Taking string input in char pointer

Question

#include<stdio.h>
#include<string.h>
#include<stdlib.h>

int main(){
    char *s;
    printf("enter the string : ");
    scanf("%s", s);
    printf("you entered %s\n", s);
    return 0;
}

When I provide small inputs of length up to 17 characters (for example "aaaaaaaaaaaaaaaaa") the program works perfectly fine but on providing inputs of larger lengths, it gives me a runtime error saying "main.c has stopped working unexpectedly".

Is there some problem with my compiler (codeblocks) or my pc (windows 7)? Or is it somehow related to the input buffer of C?

Answer 1

It's undefined behaviour as the pointer is uninitialized. There's no problem with your compiler but your code has problem :)

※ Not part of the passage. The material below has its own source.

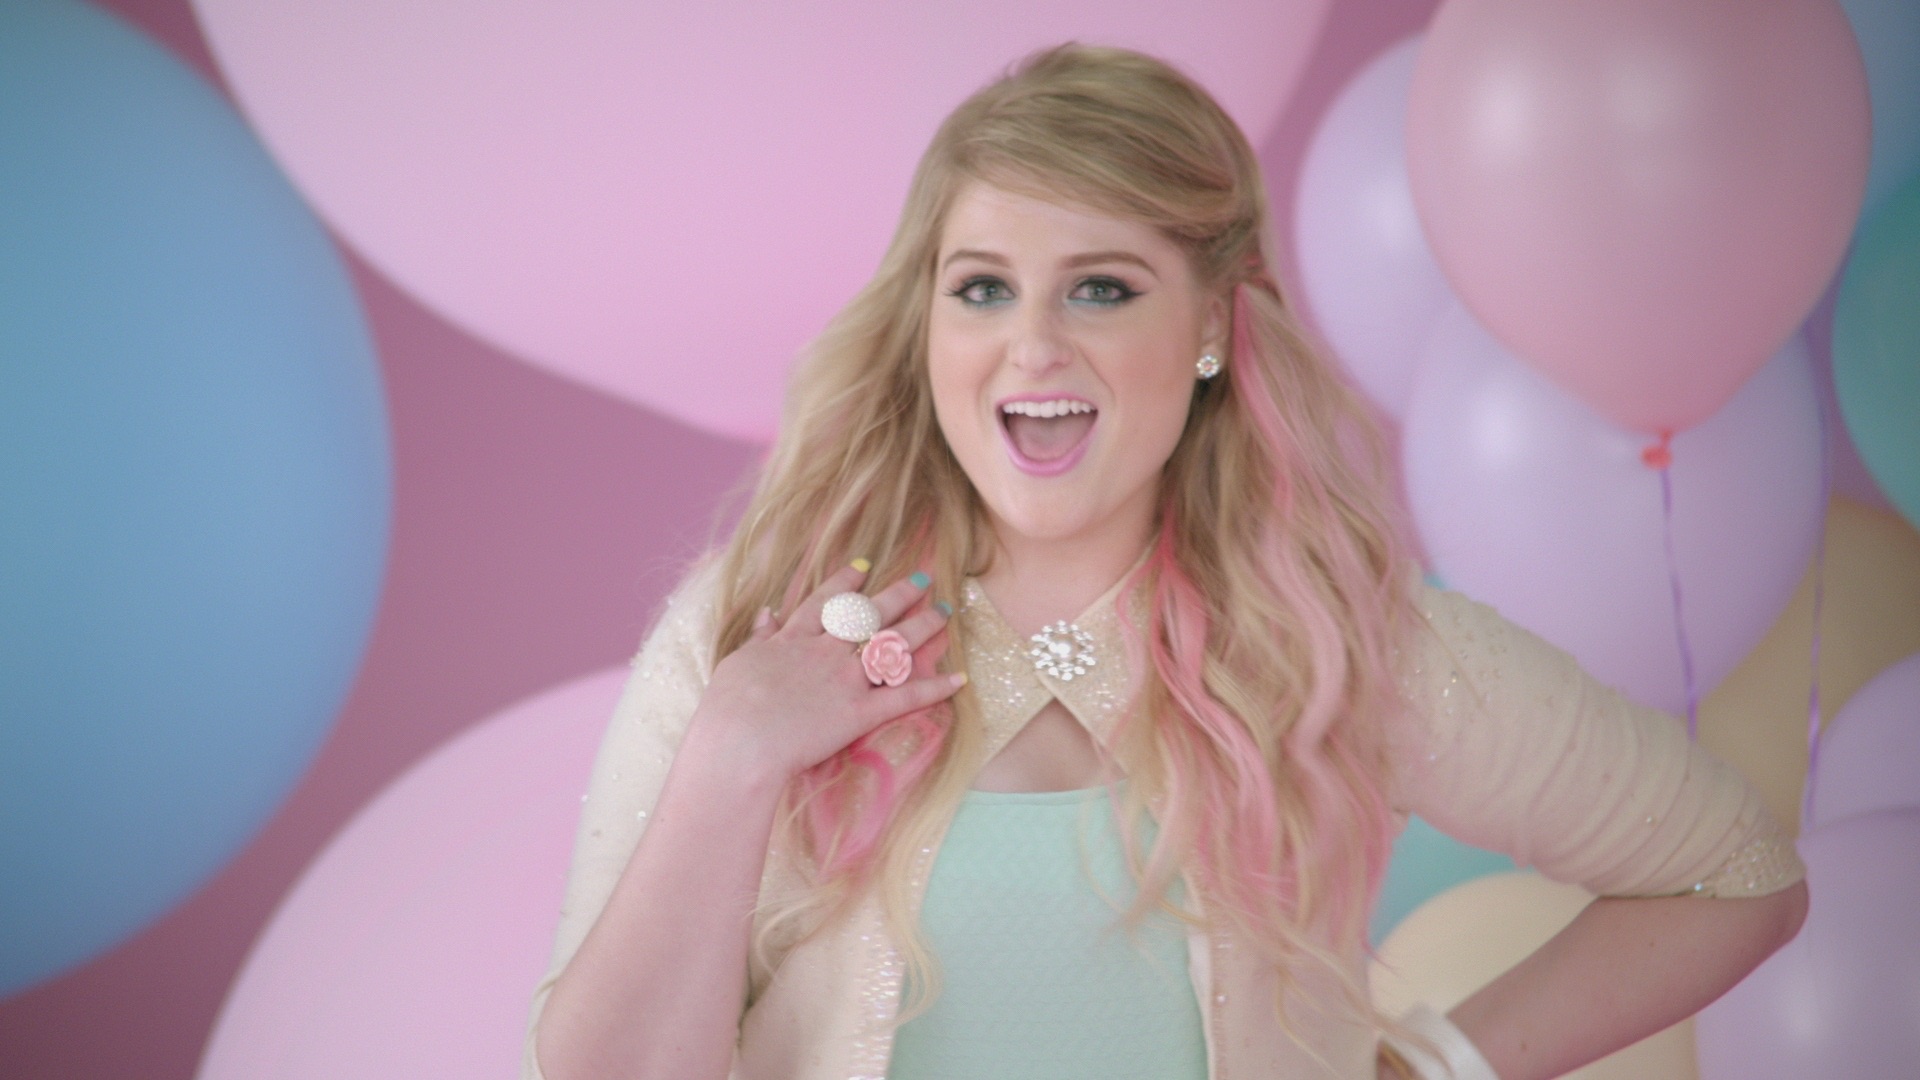 Meghan Trainor Is Still All About That Bass in 'Lips Are Movin' Video

Make s point to valid memory before storing data in there.

---

To manage buffer overflow, you can specify the length in the format specifier:

scanf("%255s", s); // If s holds a memory of 256 bytes
// '255' should be modified as per the memory allocated.

GNU C supports an non-standard extension with which you don't have to allocate memory as allocation is done if %as is specified but a pointer to pointer should be passed:

#include<stdio.h>
#include<stdlib.h>  

int main() {
  char *s,*p;

  s = malloc(256);
  scanf("%255s", s); // Don't read more than 255 chars
  printf("%s", s);

  // No need to malloc `p` here
  scanf("%as", &p); // GNU C library supports this type of allocate and store.
  printf("%s", p);
  free(s);
  free(p); 
  return 0;
}

Answer 2

the char pointer is not initialized, you should dynamiclly allocate memory to it,

char *s = malloc(sizeof(char) * N);

where N is the maximum string size you can read, And its not safe to use scanf without specifying the maximum length for the input string, use it like this,

scanf("%Ns",s);

where N same as that for malloc.

Answer 3

You are not allocating any memory to the character array so first try to get memory by calling malloc() or calloc(). then try to use it.

s = malloc(sizeof(char) * YOUR_ARRAY_SIZE);
...do your work...
free(s);

Answer 4

You need to allocate enough memory for buffer where your pointer will point to:

    s = malloc(sizeof(char) * BUF_LEN);

and then free this memory if you do not need it anymore:

    free(s);

Answer 5

You're not allocating memory for your string, and thus, you're trying to write in a non-authorized memory address. Here

char *s;

You're just declaring a pointer. You're not specifying how much memory to reserve for your string. You can statically declare this like:

char s[100];

which will reserve 100 characters. If you go beyond 100, it will still crash as you mentionned for the same reason again.

Answer 6

The problem is with your code .. you never allocate memory for the char *. Since, there is no memory allocated(with malloc()) big enough to hold the string, this becomes an undefined behavior..

You must allocate memory for s and then use scanf()(I prefer fgets())

Answer 7

#include"stdio.h"
#include"malloc.h"

int main(){

        char *str;

        str=(char*)malloc(sizeof(char)*30);

        printf("\nENTER THE STRING : ");
        fgets(str,30,stdin);

        printf("\nSTRING IS : %s",str);

        return 0;
}

Answer 8

The code in C to read a character pointer

#include<stdio.h>
 #include<stdlib.h>
 void main()
 {
    char* str1;//a character pointer is created 
    str1 = (char*)malloc(sizeof(char)*100);//allocating memory to pointer
    scanf("%[^\n]s",str1);//hence the memory is allocated now we can store the characters in allocated memory space
    printf("%s",str1);
    free(str1);//free the memory allocated to the pointer
 }

Answer 9

I was getting this problem. I tried this code below and it worked:

char *text; 
scanf("%s", *&text); 

I dont know how it worked. I just felt like doing it.